Schedulers do exactly what they say: schedule activities within the kernel so that system activities and resources are scheduled to achieve an overall goal for the system. This goal could be low latency for input (as embedded systems require), better interactivity, faster I/O, or even a combination of goals. Primarily, schedulers are concerned with CPU resources, but they could also consider other system resources (e.g., memory, input devices, networks, etc.).
The focus of this article is the I/O scheduler, including I/O scheduler concepts and the various options that are available for I/O tuning.
Intro to I/O Schedulers
Virtually all applications running on Linux do some sort of I/O. Even surfing the web writes a number of small files to disk. Without an I/O scheduler, every I/O request would send an interrupt to the kernel so the I/O operation could be performed, moving the disk head around different blocks to satisfy the read and write requests. Over time, the disparity between the performance of disk drives and the rest of the system grows very rapidly, making I/O more important to overall system performance. As you can imagine, when the kernel has to address an interrupt, any kind of processing or interactive work is paused. Consequently, the system may appear unresponsive or slow.
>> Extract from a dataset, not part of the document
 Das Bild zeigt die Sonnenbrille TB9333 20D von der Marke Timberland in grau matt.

How do you schedule the I/O requests to preserve interactivity while also ensuring good I/O performance? The answer, as with most things, depends on the workload. In some cases, it would be nice to be able to do I/O while doing other things. In other cases, doing I/O as fast as possible is required, such as when a distributed application is creating a checkpoint. To balance these two very different workloads or to ensure that one workload is emphasized, an I/O scheduler is used.
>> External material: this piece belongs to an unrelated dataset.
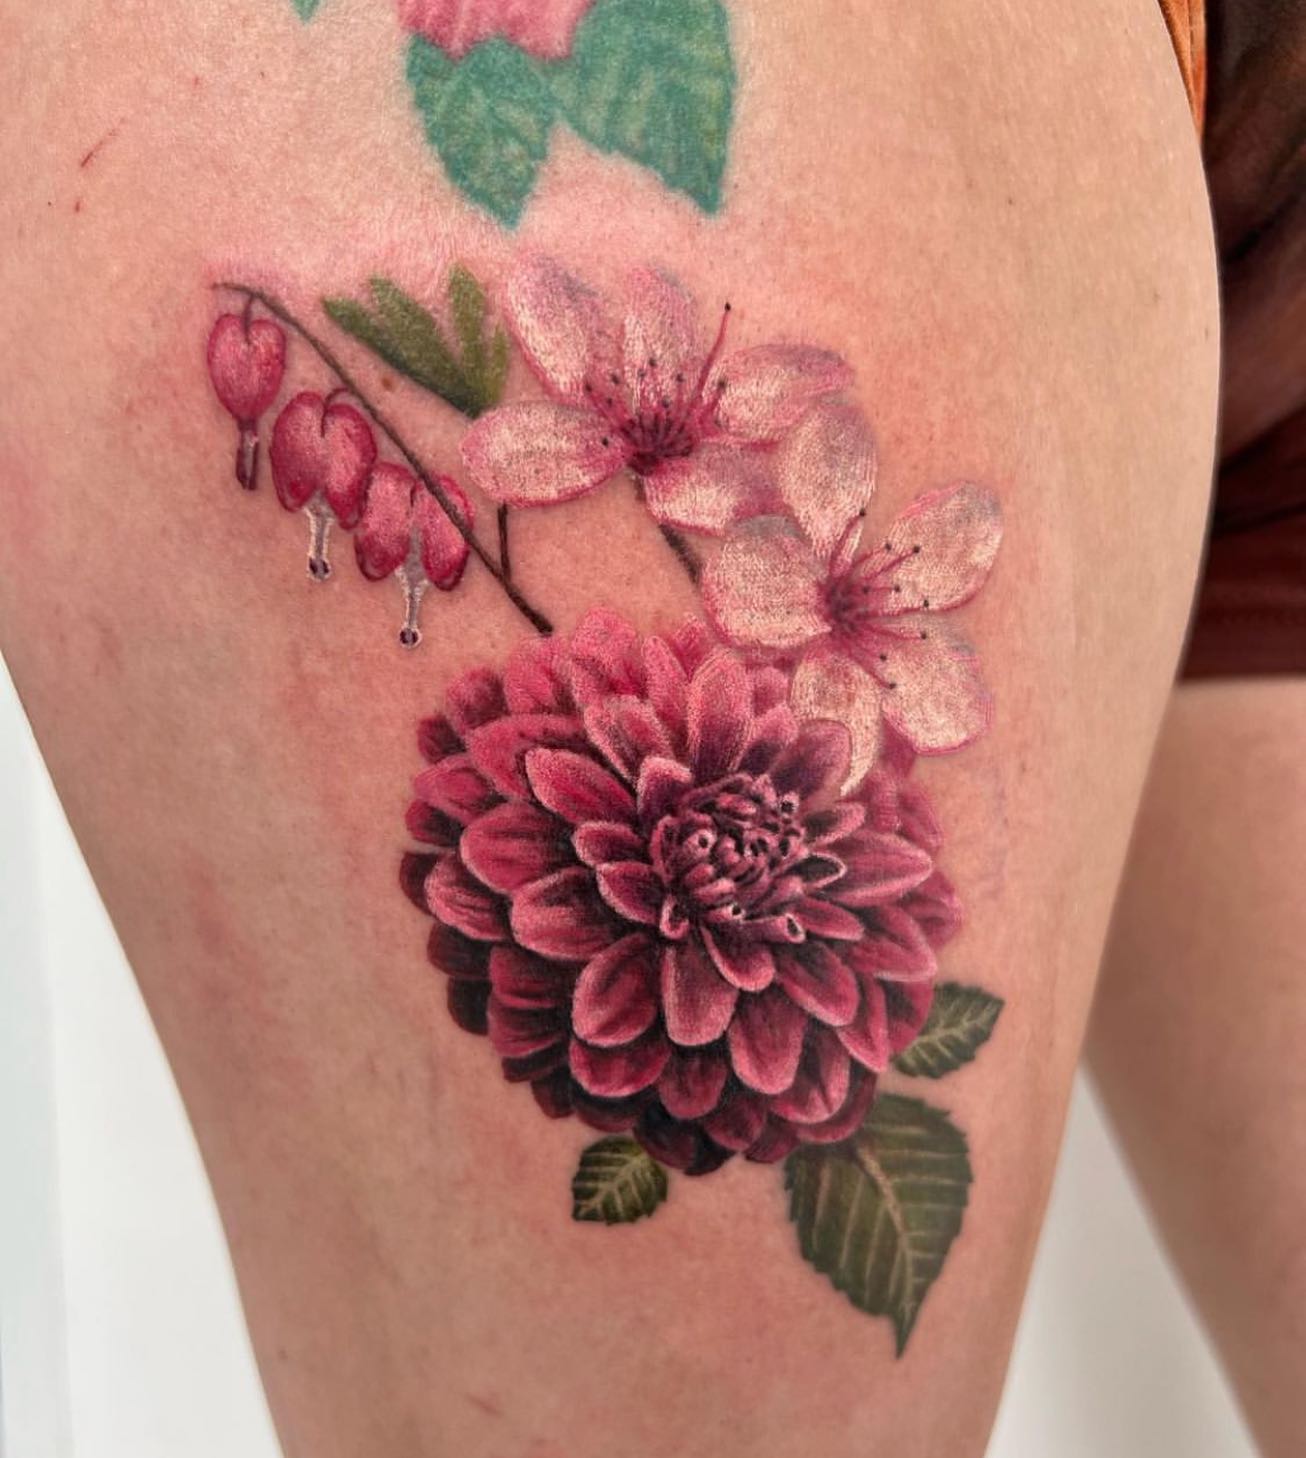 Tatuaje de flor vibrante en el muslo.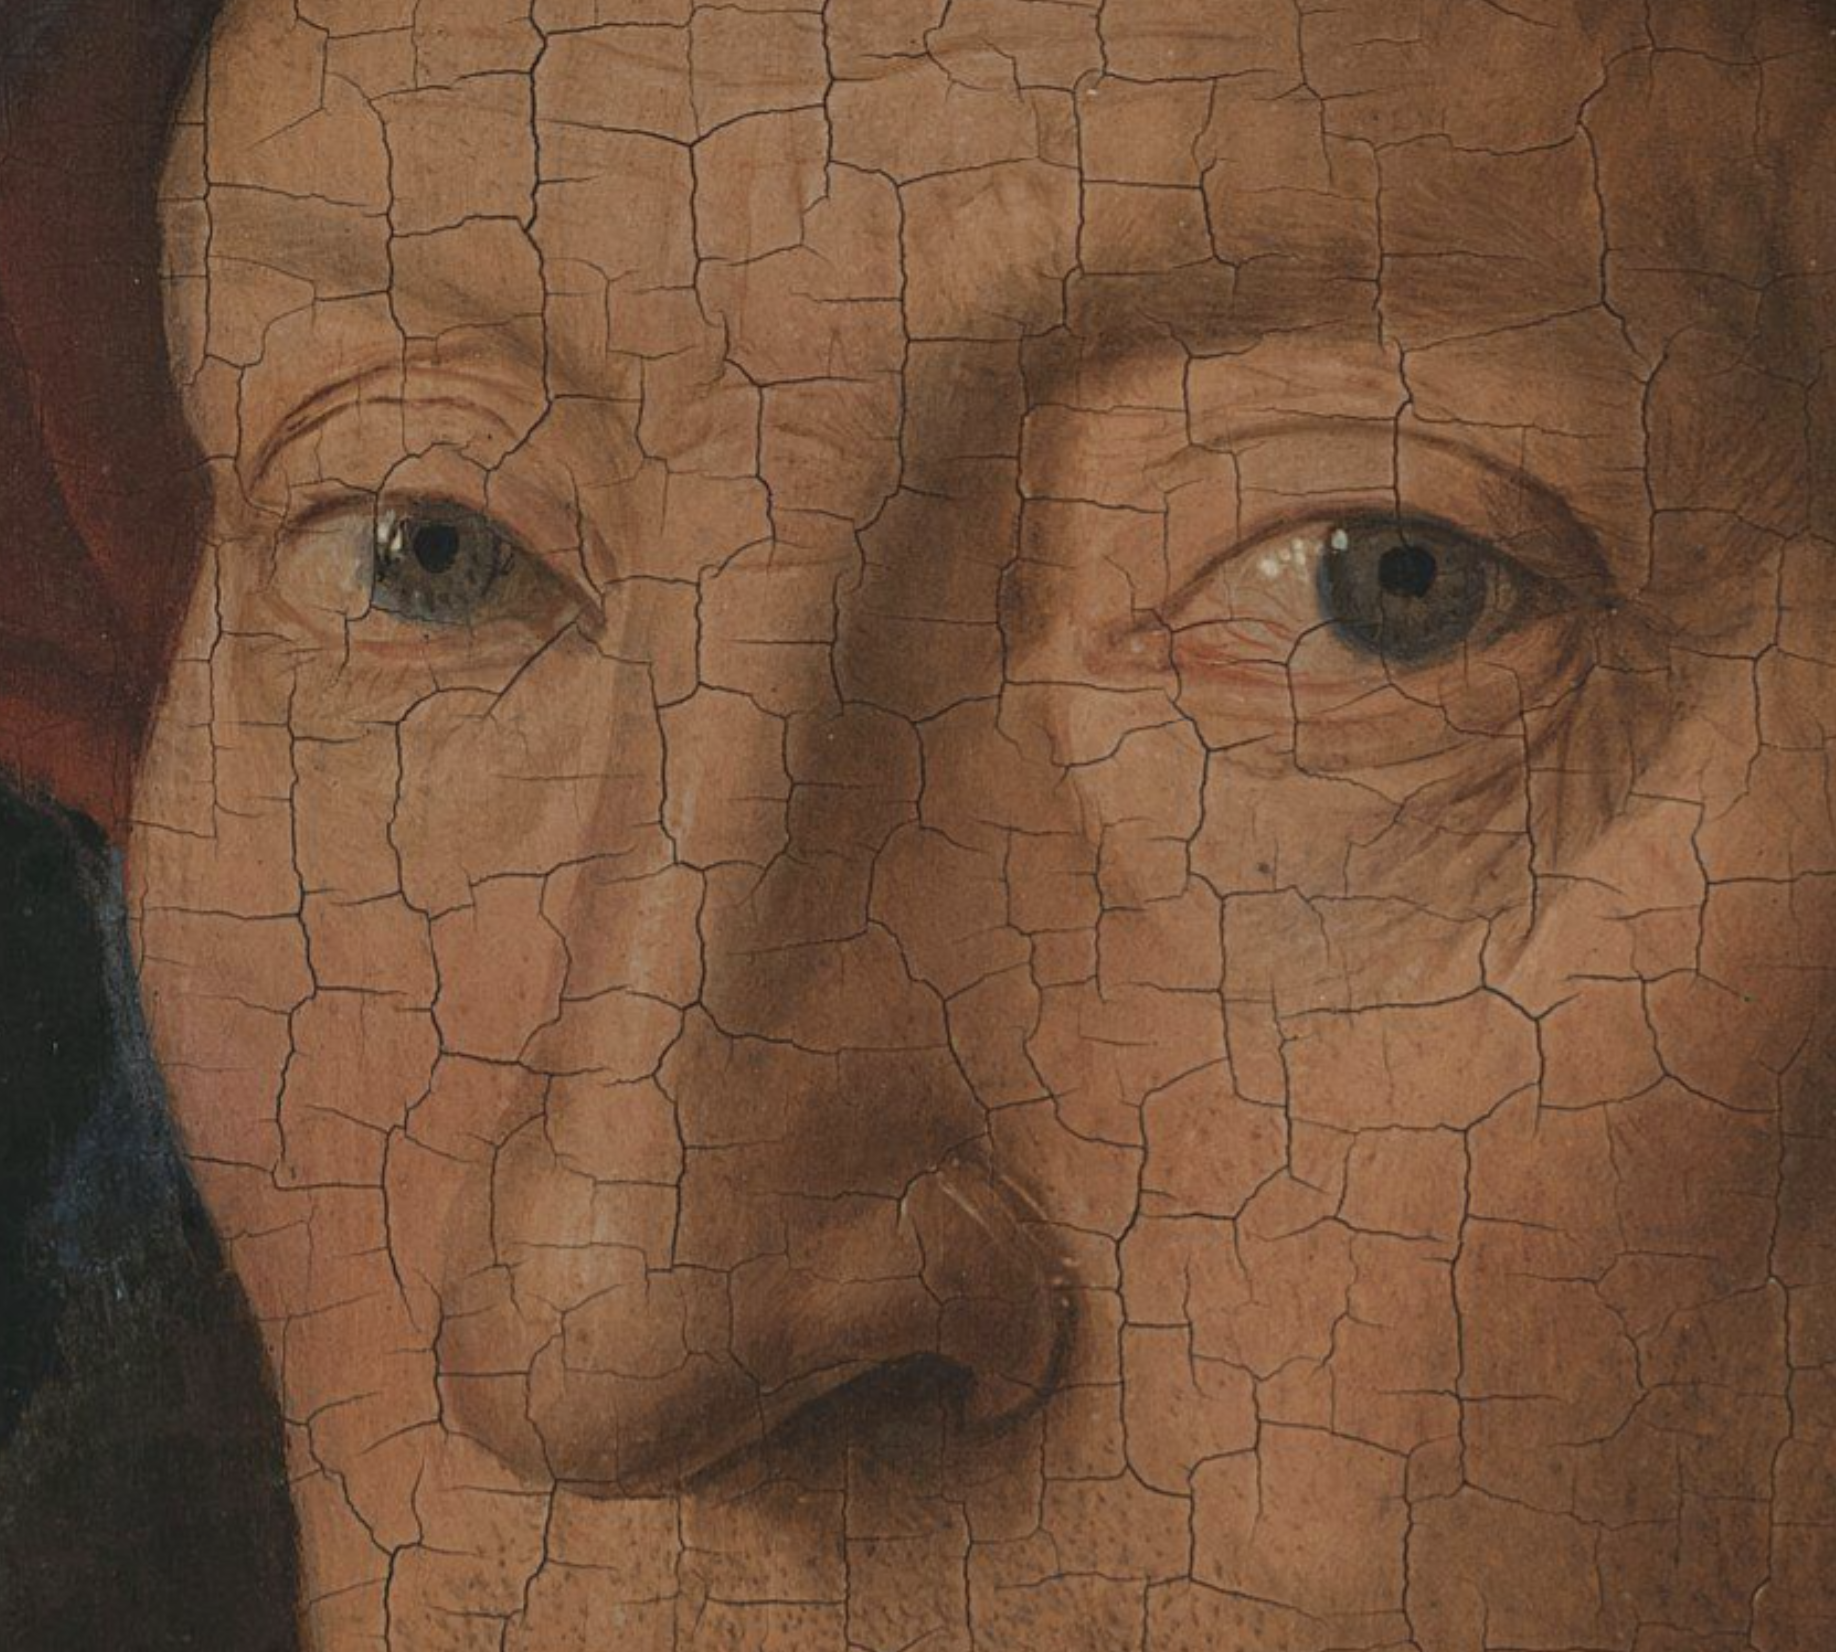 Detail, Jan van Eyck, The Man in the Red Turban (Self-Portrait?), oil on oak panel, 1433.

The scheduling of I/O events must address many parts. For example, the scheduler might need to store events for some future execution. How it stores the events, the possible reordering of events, the length of time it stores the events, the execution of stored events when some condition is reached, the length of I/O execution, and so on are all crucial aspects of the scheduler. Exactly how these various aspects of the scheduler are implemented can have a huge effect on the overall I/O performance of the system and the perception of users when interacting with the system.
Defining the function or role of the system is probably the best place to start when considering scheduler design or the tuning of existing schedulers. For example, you should know whether the target system is an embedded device, a hand-held device, a laptop, desktop, server, supercomputer, and so on so that you can define what your goals are for the scheduler.
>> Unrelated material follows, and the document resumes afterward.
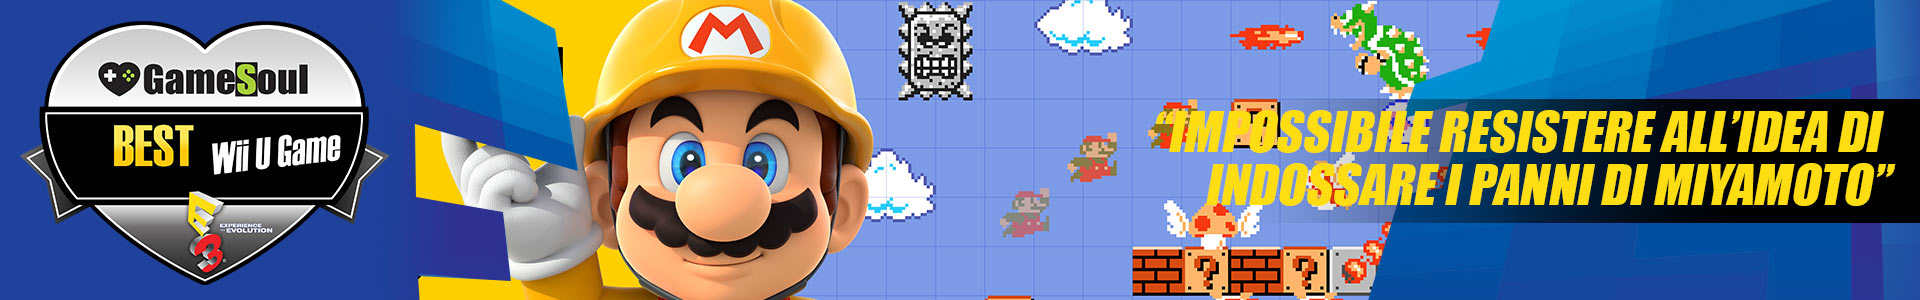 Mario-Maker-WiiU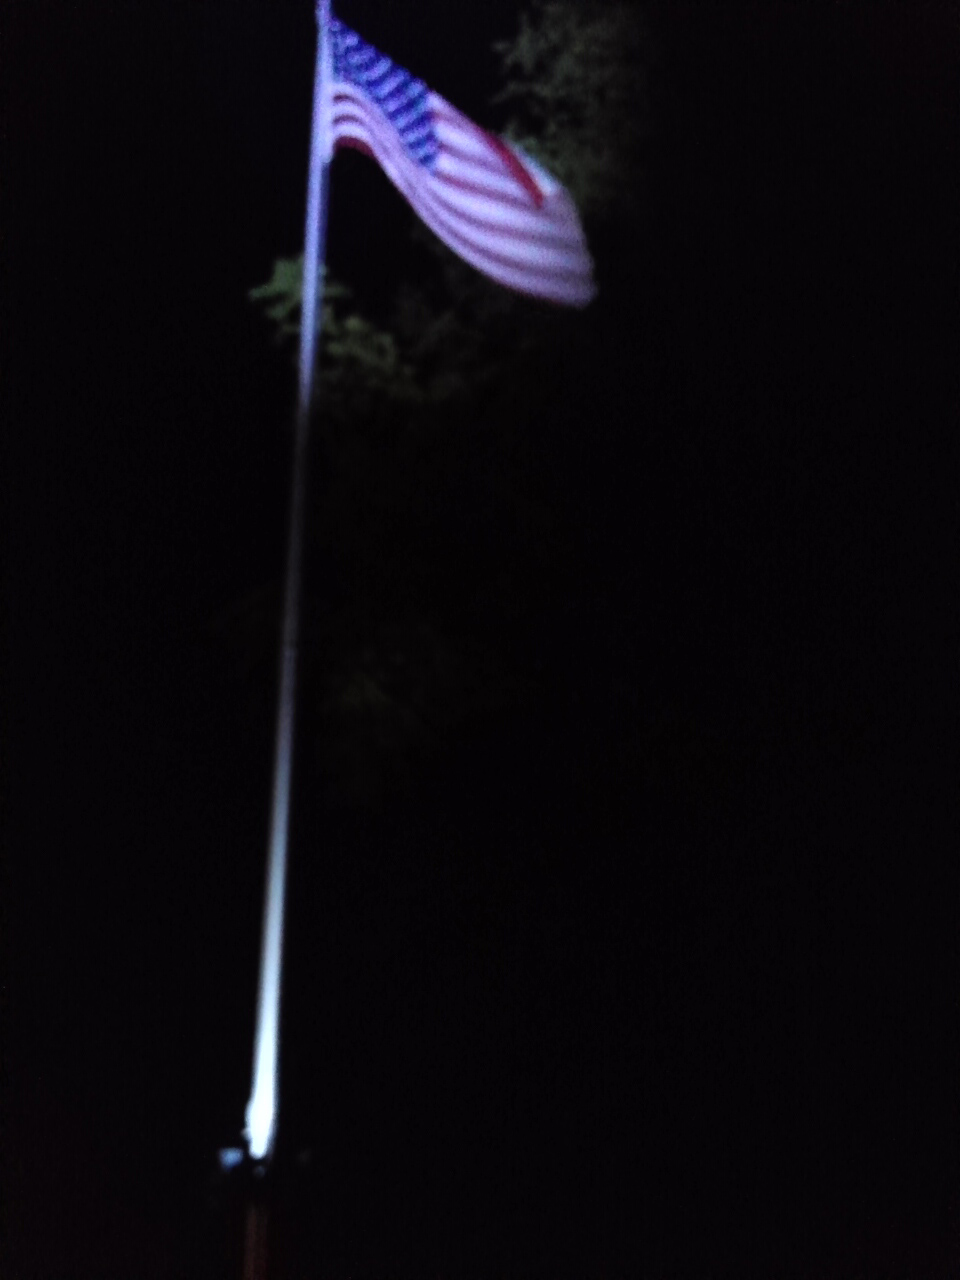 PolePal Extreme lighting up Flagpole

For example, suppose your target system is a desktop user doing some web surfing, perhaps playing a video or music, and maybe even running a game. Although this is a simple and common scenario, this mix of workloads has enormous implications. If you are watching a video or listening to music or playing a game, you don’t want it to be interrupted. There’s nothing like a video that pauses – plays – pauses – plays to stretch your patience in a hurry. When gaming, if the system pauses while you are about to blow the head off a mutant zombie, you might find that the zombie has removed your character’s head when the system returns control to your game. Although “stuttery” music might be a legitimate genre to some, in general, it’s quite annoying. Therefore, a desktop target system that requires as little interruption of interactive programs as possible has a great influence on the design of the scheduler.
Disk I/O can be much slower than other aspects of the system. Because I/O scheduling allows you to store events and possibly reorder them, it’s possible to produce contiguous I/O requests to improve performance. Newer filesystems are incorporating some of these concepts, and you can even extend these concepts to make the system better adapt to the properties of SSDs.
I/O schedulers typically use the following techniques:
- Request Merging. Adjacent requests are merged to reduce disk seeking and to increase the size of the I/O syscalls (usually resulting in higher performance).
- Elevator. Requests are ordered on the basis of physical location on the disk so that seeks are in one direction as much as possible. This technique is sometimes referred to as “sorting.”
- Prioritization. Requests are prioritized in some way. The details of the ordering are up to the I/O scheduler.
Almost all I/O schedulers also take resource starvation into account so that all requests are serviced eventually.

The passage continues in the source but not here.